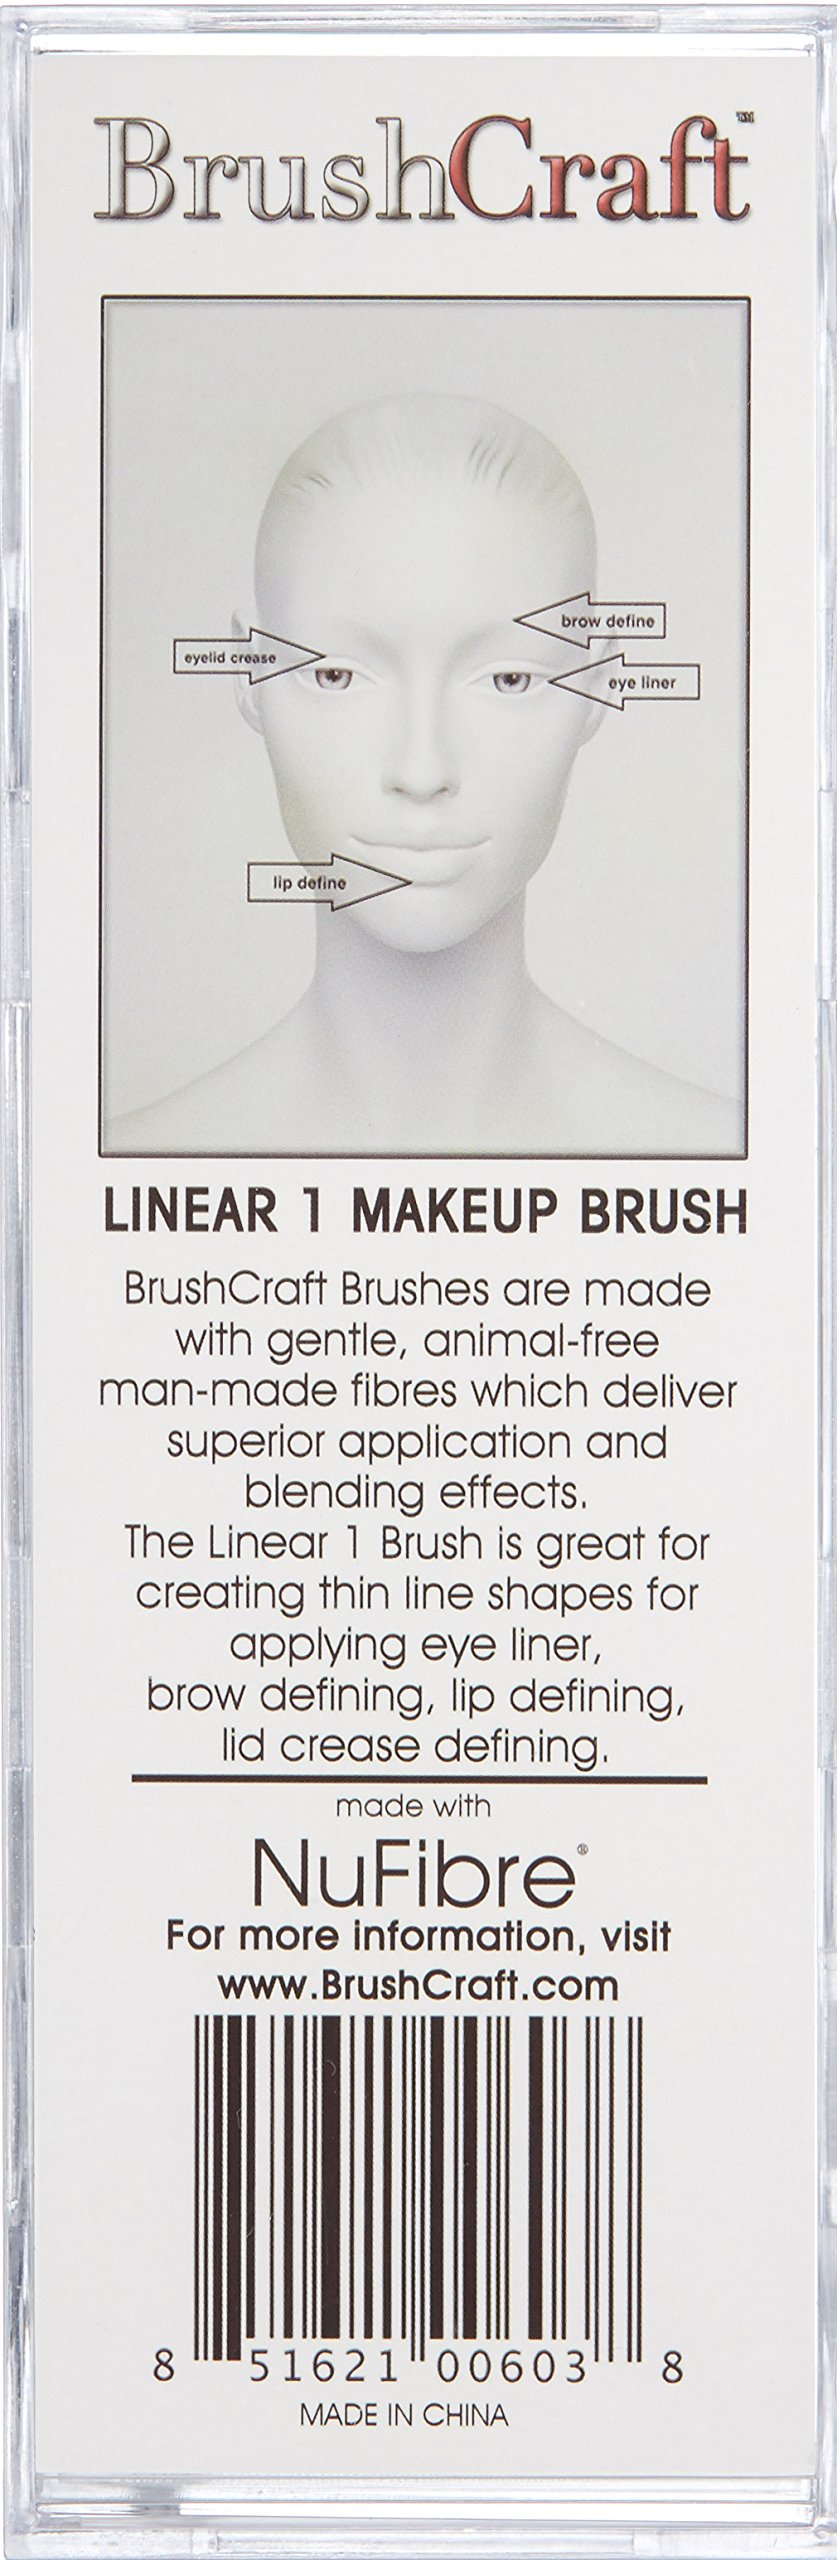 BrushCraft Linear 1
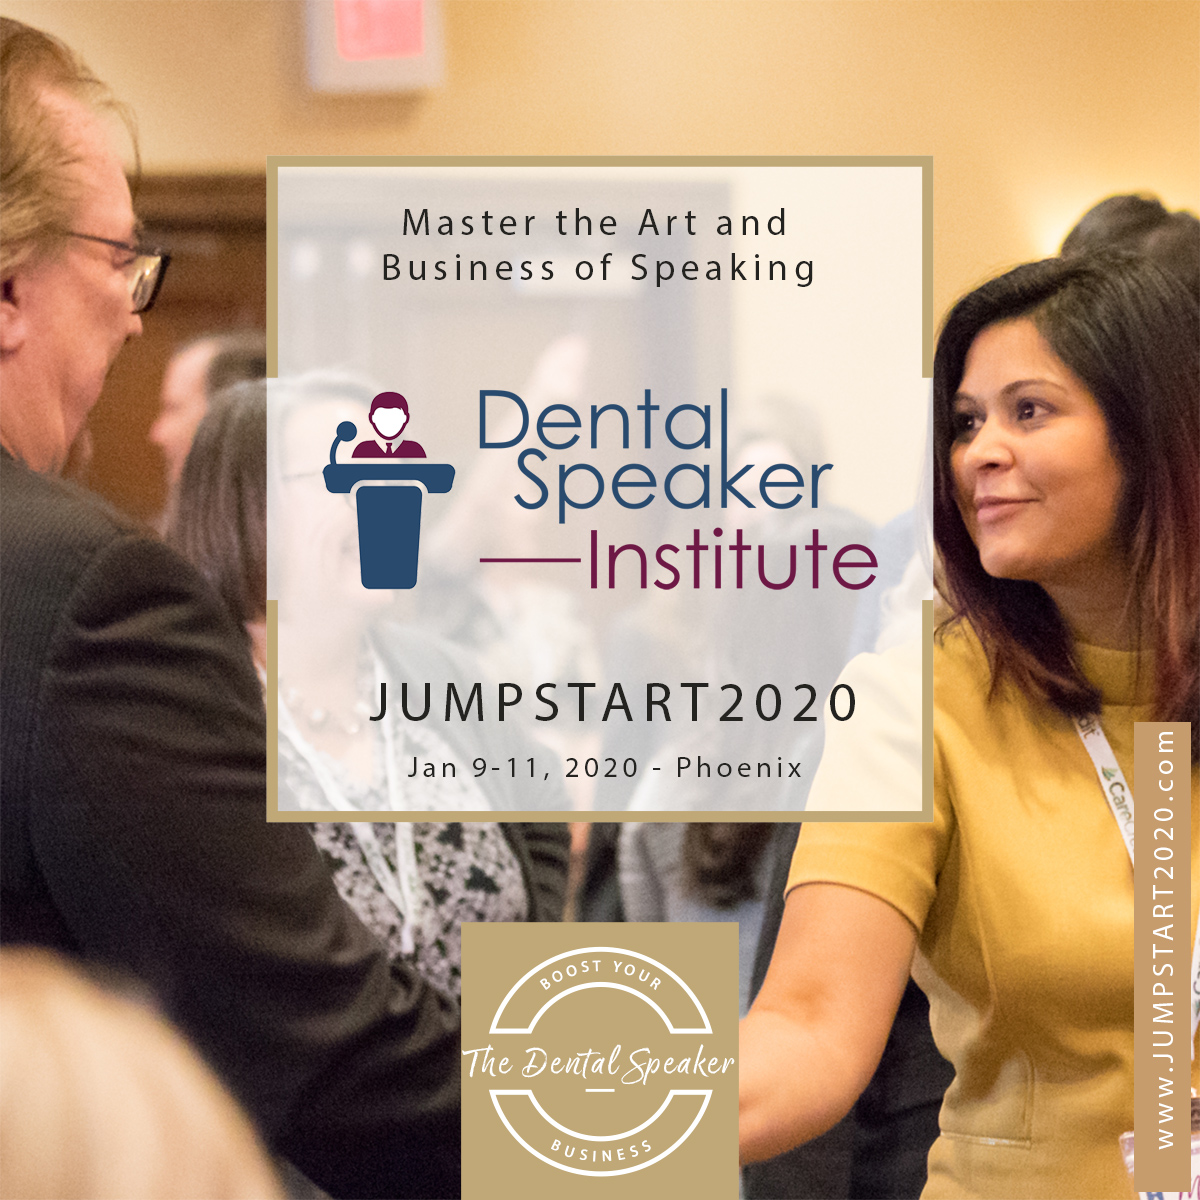 Jumpstart2020 Dental Speaker Institute event in Phoenix
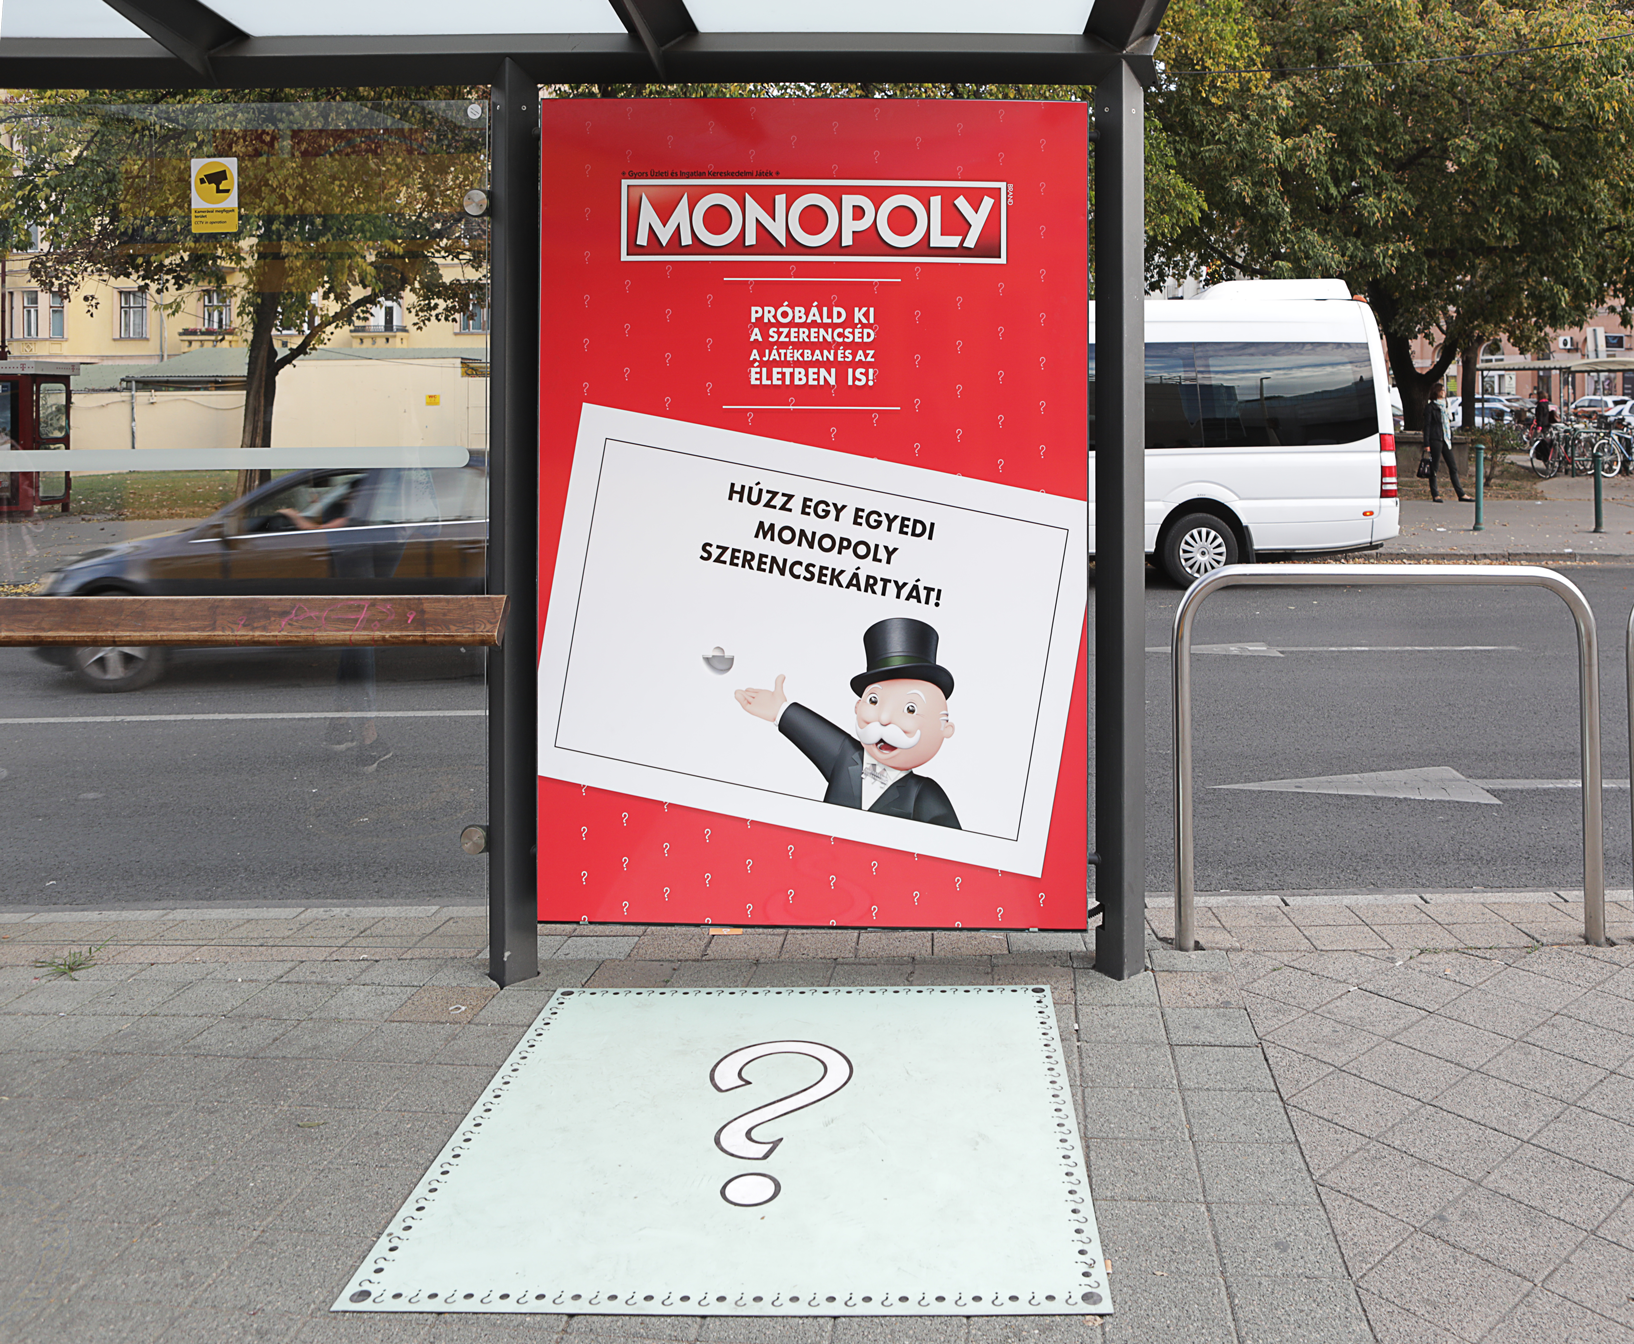 Monopoly_Szerencsemegallo (3)

Work required =
Output the data above exactly, excluding images.

Answer for this exercise =
 BrushCraft Linear 1
 Jumpstart2020 Dental Speaker Institute event in Phoenix
 Monopoly_Szerencsemegallo (3)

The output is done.